Meet Kara Mattox, Deep Lens Clinical Project Manager

With the Deep Lens Unity Network growing rapidly, it's never been more important to have an experienced team to engage with our commercial partners to provide meaningful impact on their ability to connect with community oncology practices. Kara Mattox, BSN, RN, CCRP is Deep Lens' Clinical Project Manager, and plays an important role in connecting trial sponsors with qualified research sites where we've identified potentially eligible patients.  Recently, Deep Lens VP of Marketing Brian Dranka sat down with Kara to discuss her background and what makes her excited for the future of Deep Lens.

Kara Mattox 1 (1)

Brian Dranka: Hi Kara, tell us a bit about your background and how you get started in clinical cancer research.
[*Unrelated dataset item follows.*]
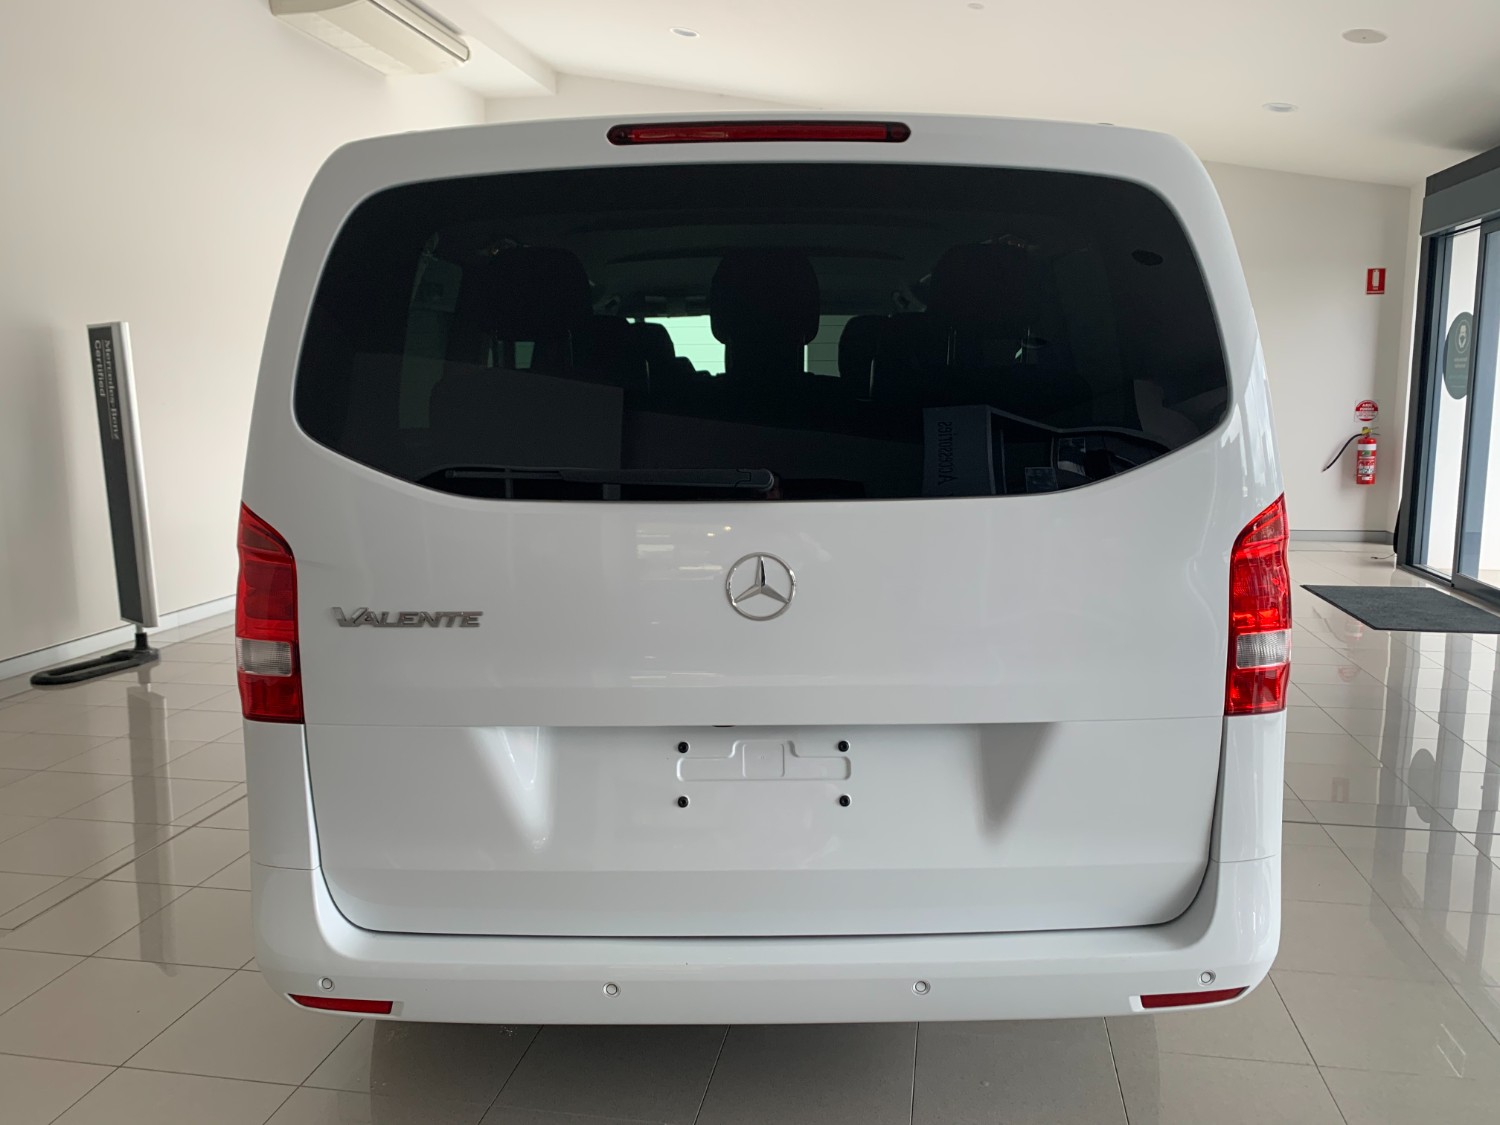 2019 Mercedes-Benz Valente 447 116BlueTEC Wagon Image 12
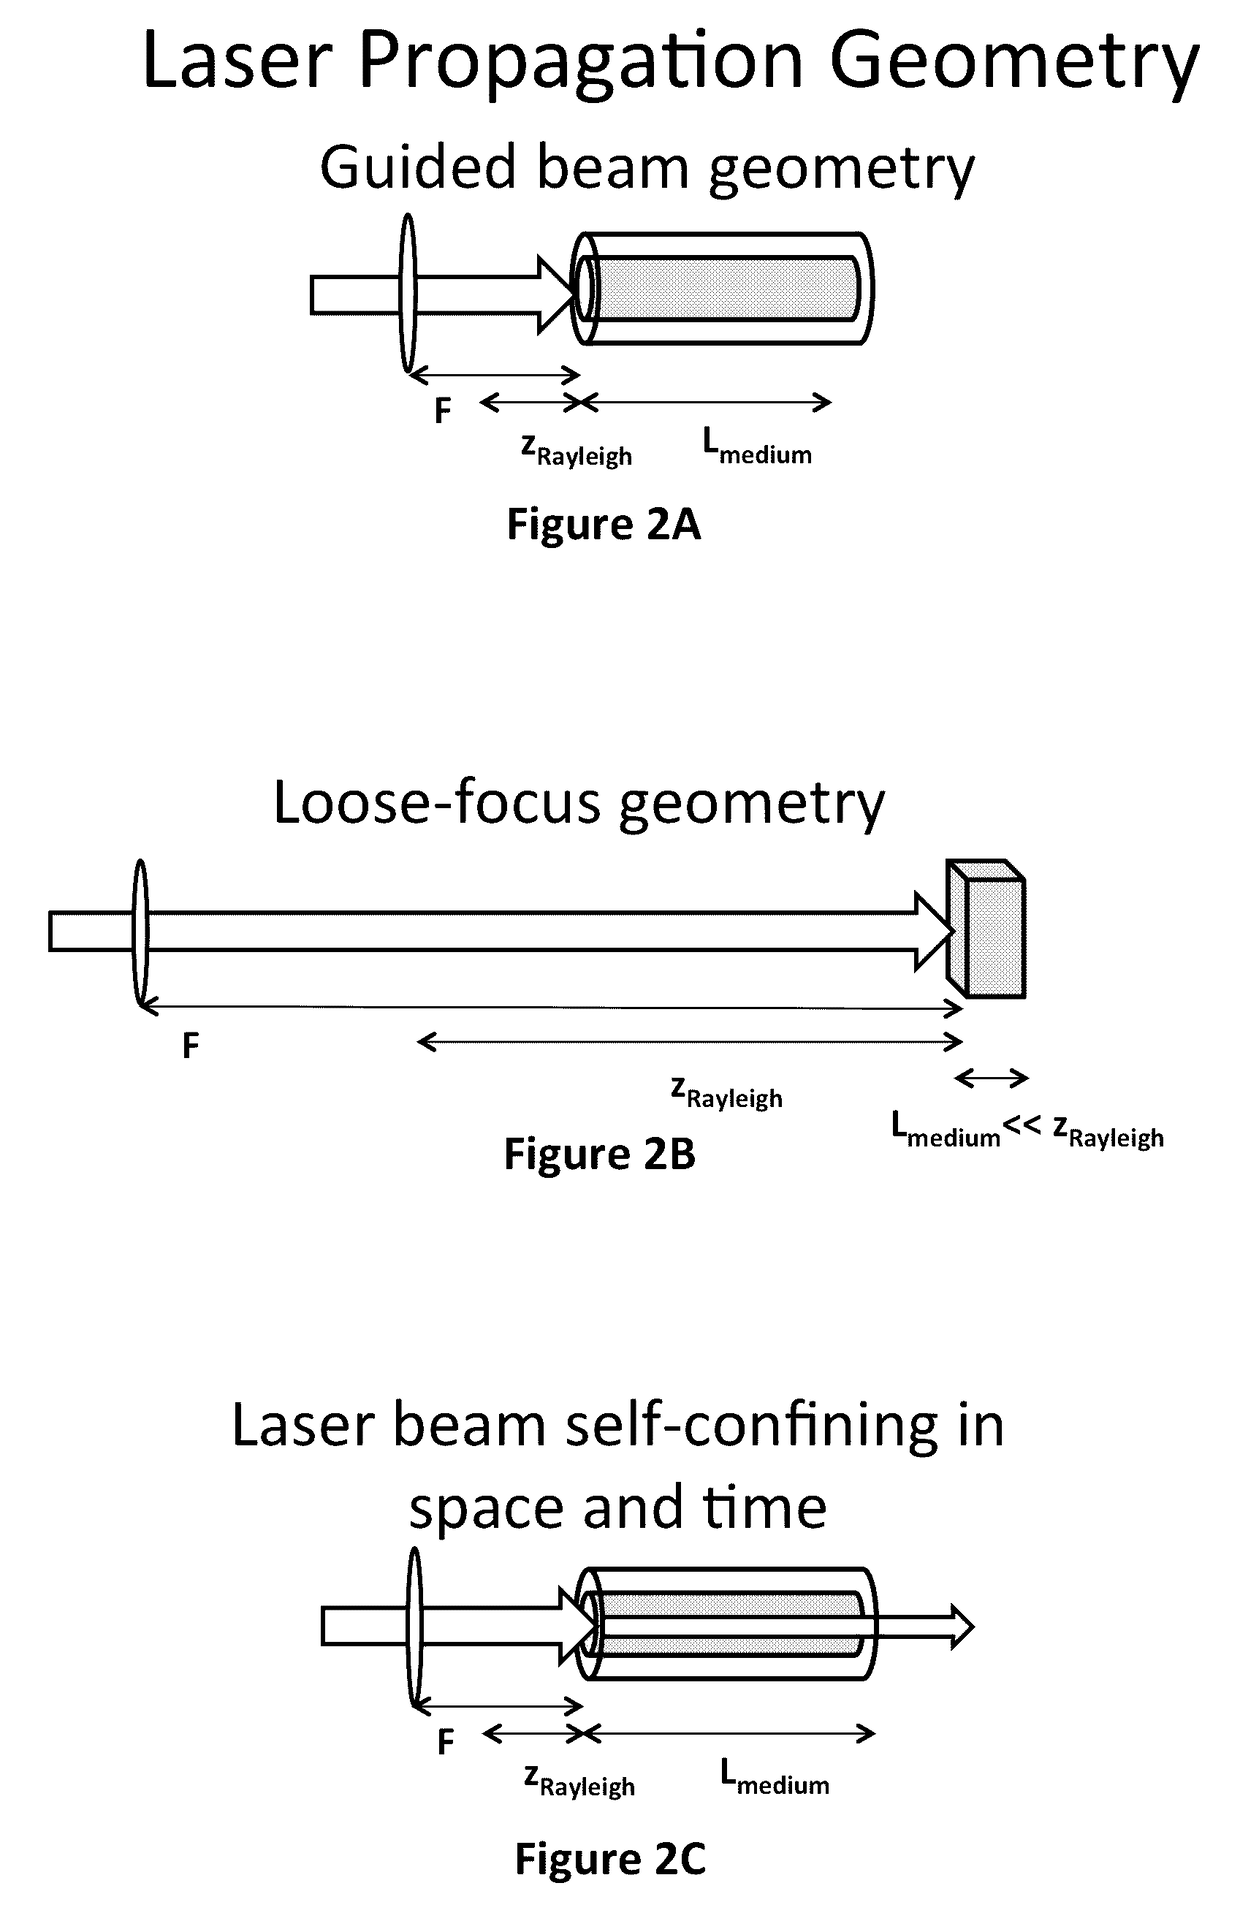 Generation of VUV, EUV, and X-ray light using VUV-UV-VIS lasers

Kara Mattox: Hey Brian. I have been in oncology clinical research for a little over a decade. I started out for the first six years as a Clinical Research Nurse with a couple of different large academic institutions. I did a short stint as a Clinical Research Associate with a smaller CRO, and then I ended up transitioning back to the academic institution to work as a Clinical Program Manager for the early phase oncology clinical research team. I got into clinical research after nursing school when a colleague encouraged me to consider joining a clinical research team. I was a bit surprised that I enjoyed it as much as I did, but I found it fascinating.  Bringing the nursing and science together into a role that focuses so much on patient care is really rewarding.

BD: How are you using that experience at Deep Lens?

KM: Presently I am the Clinical Program Manager here at Deep Lens, responsible for sponsor relationships. I work closely with our pharmaceutical partners to learn what they need to make their trials successful, and once there's a clear alignment and understanding of what the study goals are, I work with my Deep Lens colleagues to activate the trials at the best matched Unity Network practices. Our approach helps bring new innovative treatment options to cancer patients in their own community settings, and it also helps to facilitate faster movement of clinical trials themselves. Ultimately this could lead to approval of targeted therapies at an accelerated pace, which is really exciting for me.

BD: What are the challenges that you see in the field, and what challenges are those pharma partners bringing to you to help address?

KM: So for me I think the challenges really lie within the nature of the clinical trials themselves. When I first started in clinical research oncology trials were open to much larger numbers of patients. I remember having trials open for anyone who had breast cancer, anyone who had colon cancer, we even had what we called all-comer trials, where anyone who had a solid tumor diagnosis was eligible as long as they met the other criteria. For those trials, it was so much easier to enroll patients, but the sad reality is that more patients failed those therapies than actually derived any sort of clinical benefit. And I think that is because the treatments were so broad.

We've made tons of advancements in the last decade, and the treatments are becoming more and more specialized. They target specific mutations that are really only found in these limited patient populations, so the number of qualifying patients is just so much smaller. However, people who are eligible often have a higher success rate because of that targeted therapy. I have trials right now that I'm working on where the people who have a specific mutation are only 3 to 4% of patients that have a specific diagnosis. Our pharma partners are needing to find that needle in a haystack patient, and that's exactly why Deep Lens is here doing what we're doing. And that's exactly why I chose to join this team.

BD: Yeah, that really is the core issue we're trying to solve.  How are you thinking about the technology that is improving your day-to-day work to support clinical research?

KM: The technological advances over the last few years have actually made my day-to-day work possible. The possibility of remote-work environments means that I can meet trial sponsors regularly even though we're not in the same physical space.  And that high-level of communication is critical to successful partnerships.

When you layer in the advances in AI for patient identification that Deep Lens is working on, I'm hopeful that we're going to continually improve the speed with which we're able to find the right patient for the right trial at the right time.  

BD: Great, thanks so much Kara for taking time to talk to me today.

KM: Thanks Brian, good to talk with you as well.